Bentuk Dorongan yang AR/VR Berikan
Di laporan Seeing is Believing, PwC juga menjelaskan bagaimana teknologi AR/VR dapat mendorong ekonomi global. Mereka menyebutkan, keuntungan yang bisa didapat oleh perusahaan dari teknologi AR/VR beragam, mulai dari mempercepat proses desain produk sampai menjadi alat latihan untuk mengerjakan tugas berbahaya. Sebagai contoh, militer bisa menggunakan VR untuk melatih pasukan dalam menjinakkan bom.
Selain itu, AR/VR juga bisa memangkas waktu yang dibutuhkan perusahaan dalam mendesain produk. Karena, teknologi AR/VR memungkinkan perusahaan untuk menguji konsep produk tanpa harus membuat prototipe dari produk tersebut. Dampaknya ke konsumen, hal ini membuat perusahaan dapat memberikan produk dengan kualitas lebih baik dalam waktu yang lebih singkat.

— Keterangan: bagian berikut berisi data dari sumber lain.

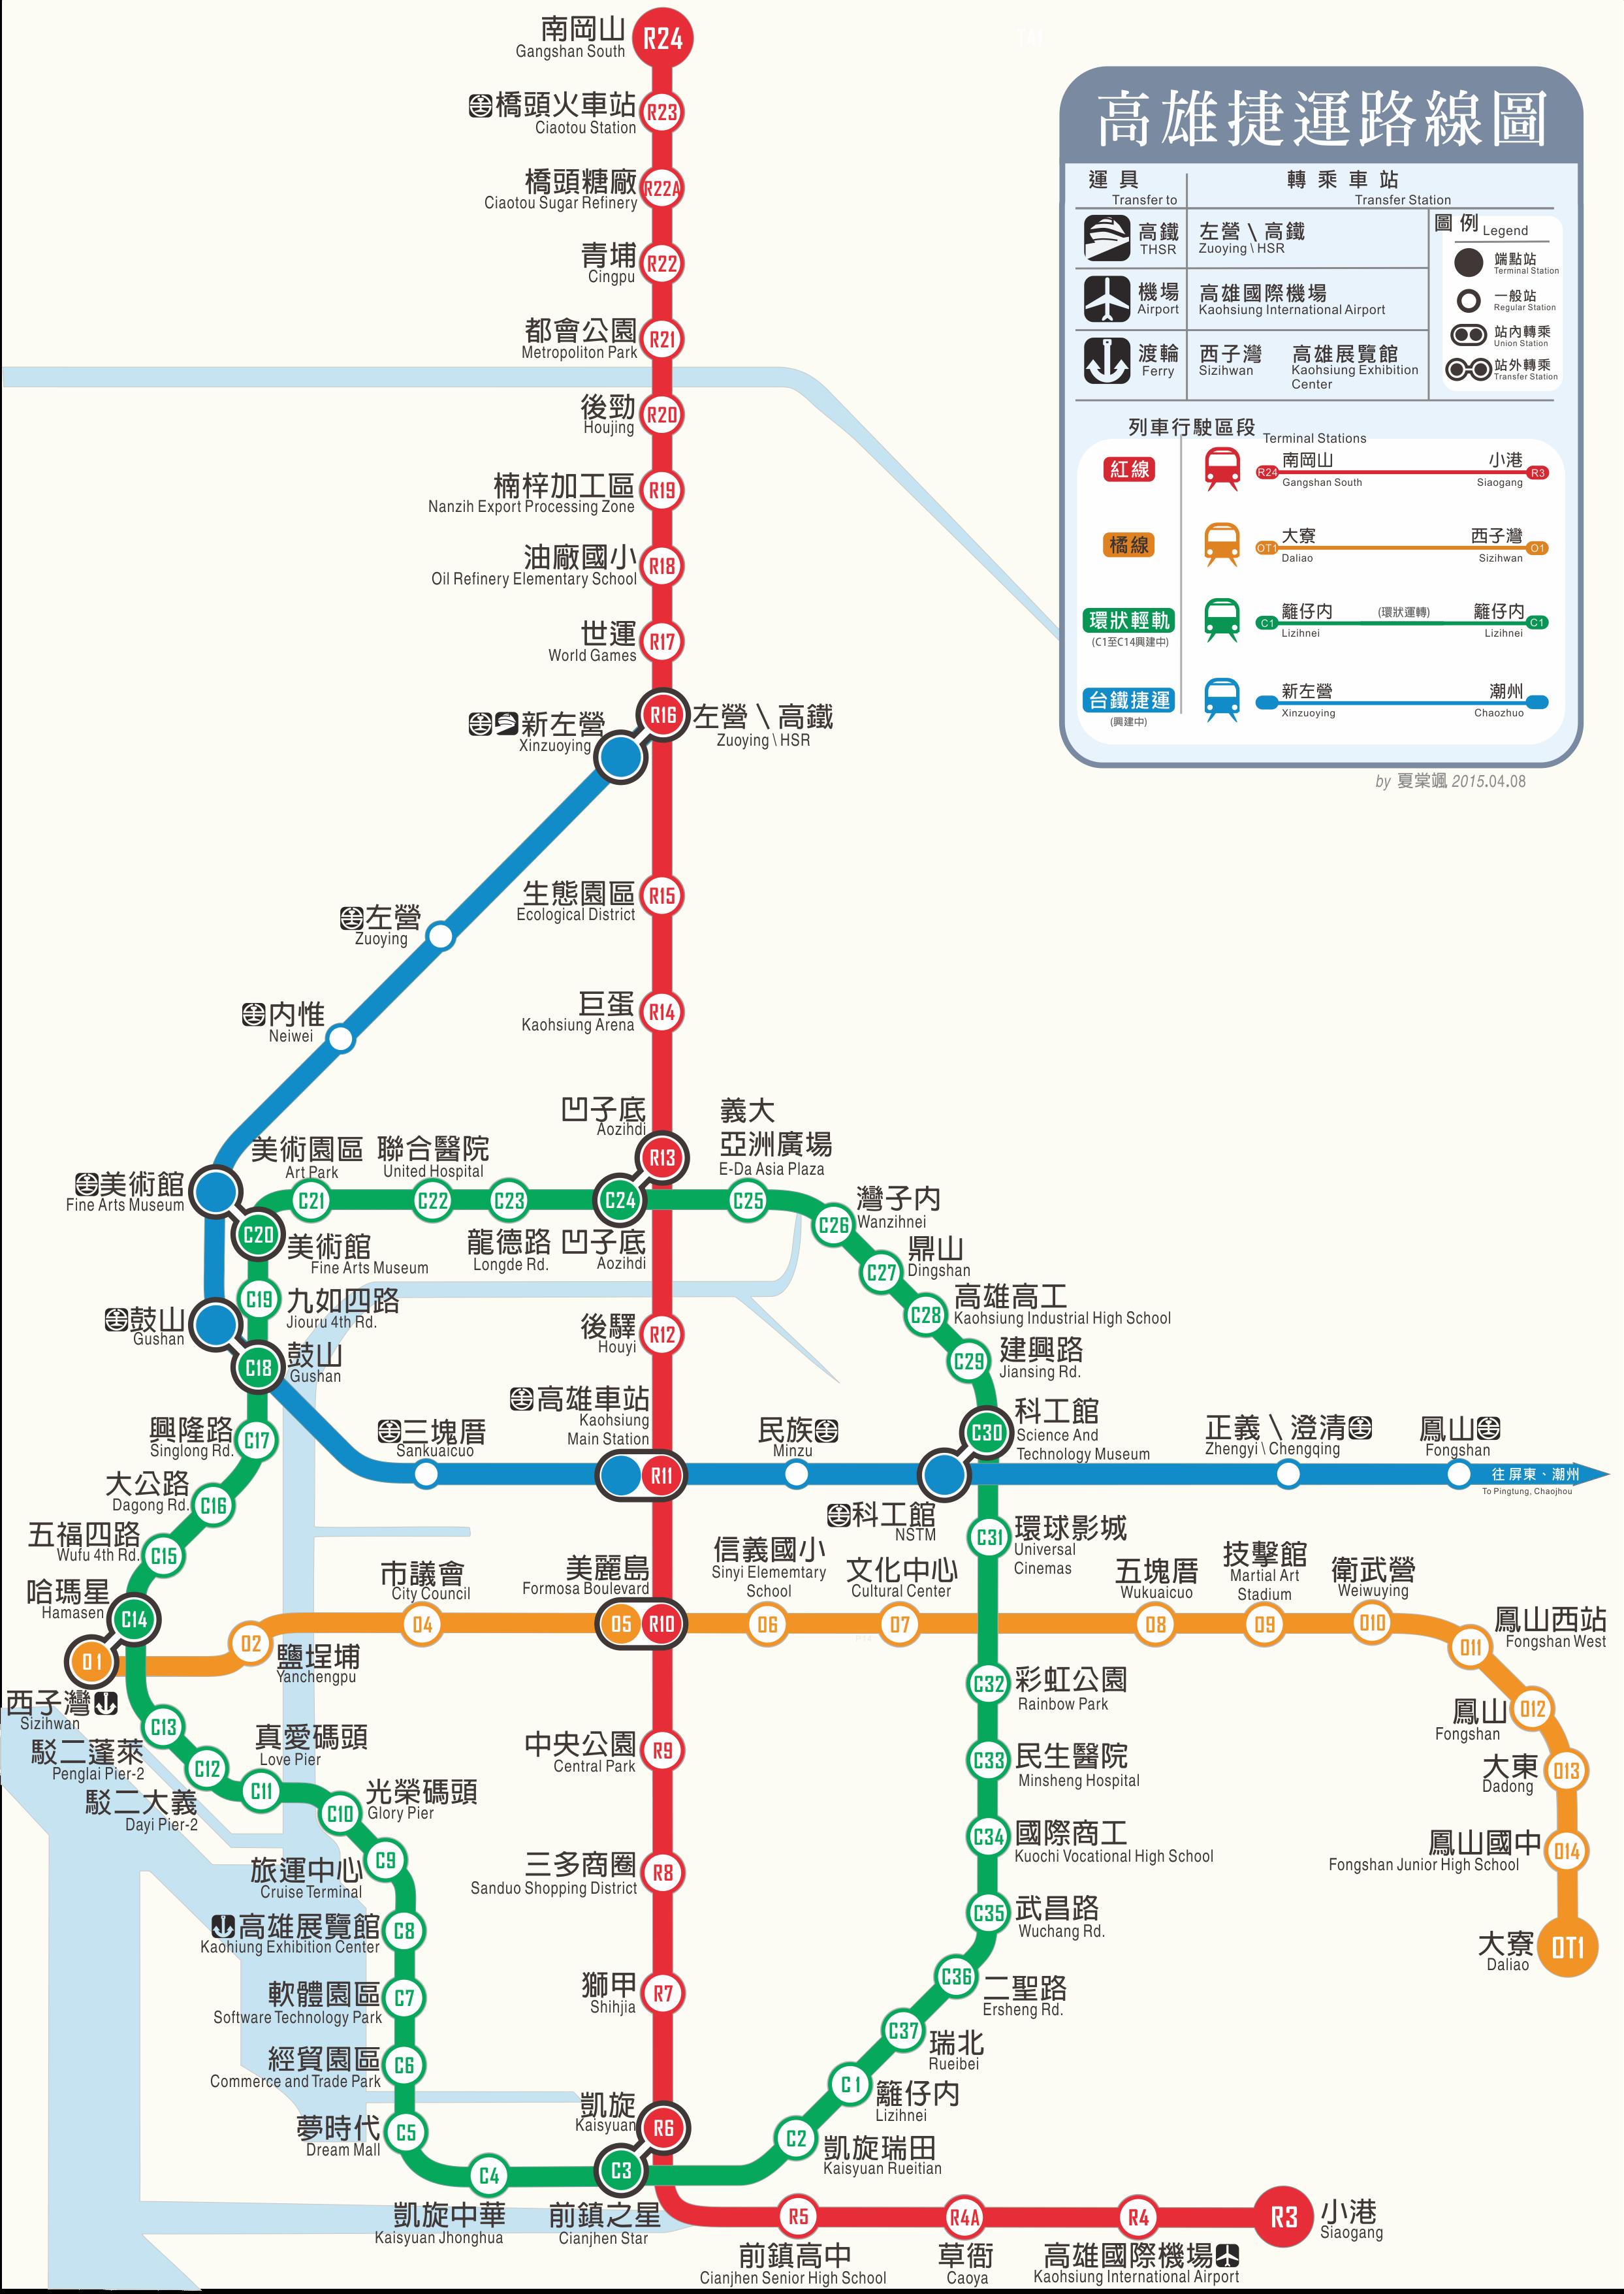 KRTS Map 高雄捷運路網圖

Contoh industri yang menggunakan teknologi VR untuk memangkas waktu desain produk adalah industri otomotif. Menurut PwC, waktu yang dibutuhkan oleh perusahaan otomotif untuk membuat desain pertama sampai model di dunia nyata adalah beberapa minggu. Namun, dengan VR, proses tersebut bisa dilakukan hanya dalam waktu beberapa hari saja.

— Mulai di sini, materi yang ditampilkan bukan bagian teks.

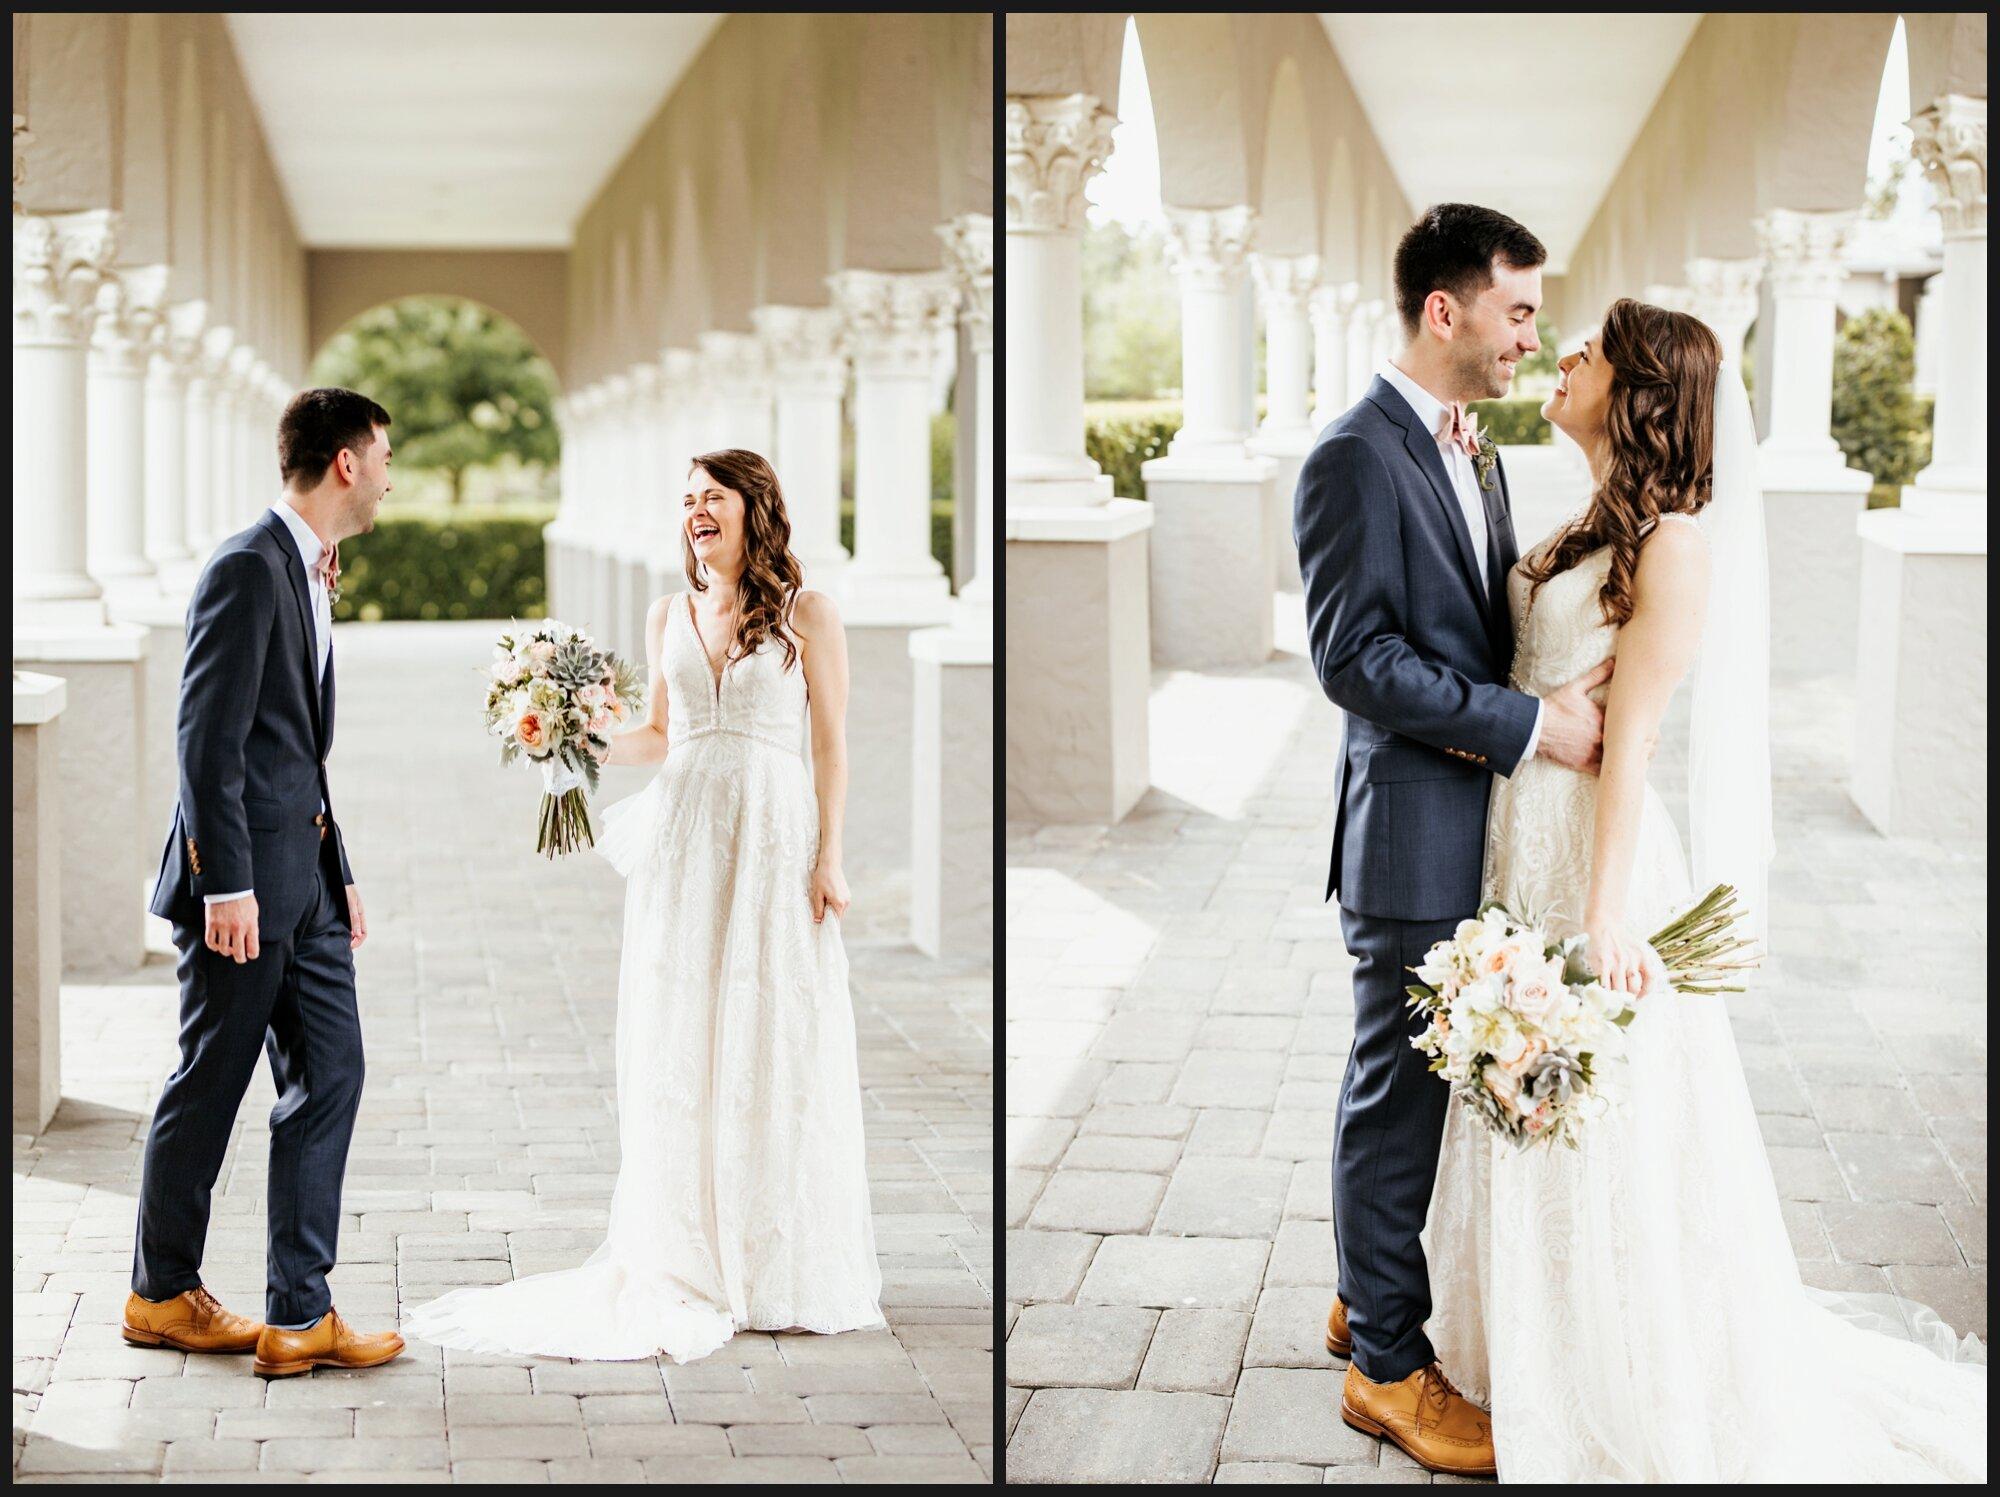 Orlando-Wedding-Photographer-destination-wedding-photographer-florida-wedding-photographer-hawaii-wedding-photographer_0632.jpg

Perusahaan juga bisa menggunakan teknologi AR/VR untuk mendapatkan sumber pemasukan baru. Saat ini, perusahaan-perusahaan yang bergerak di bidang retail, jasa, dan otomotif tengah mempertimbangkan untuk menggunakan AR atau VR untuk menampilkan produk yang mereka tawarkan pada konsumen. Sementara perusahaan game dan hiburan mencoba untuk memberikan pengalaman yang sama sekali baru dengan teknologi AR/VR.
Industri VR di Indonesia: Pandemi Justru Dorong Pertumbuhan
Untuk mengetahui tentang industri AR/VR di Indonesia, saya menghubungi Andes Rizky, Managing Director, Shinta VR. Ketika ditanya soal nilai industri AR/VR di Tanah Air, Andes berkata, “Kalau nilai industri, saya mengacu sama perhitungan dari PwC dengan beberapa adjustment, bahwa Indonesia masuk dalam pasar Asia Pasifik non-Tiongkok. Kalau kita sesuaikan, sebenarnya potensi pasar AR/VR di Indonesia itu bisa sekitar US$500 juta sampai US$2 miliar pada 2025.”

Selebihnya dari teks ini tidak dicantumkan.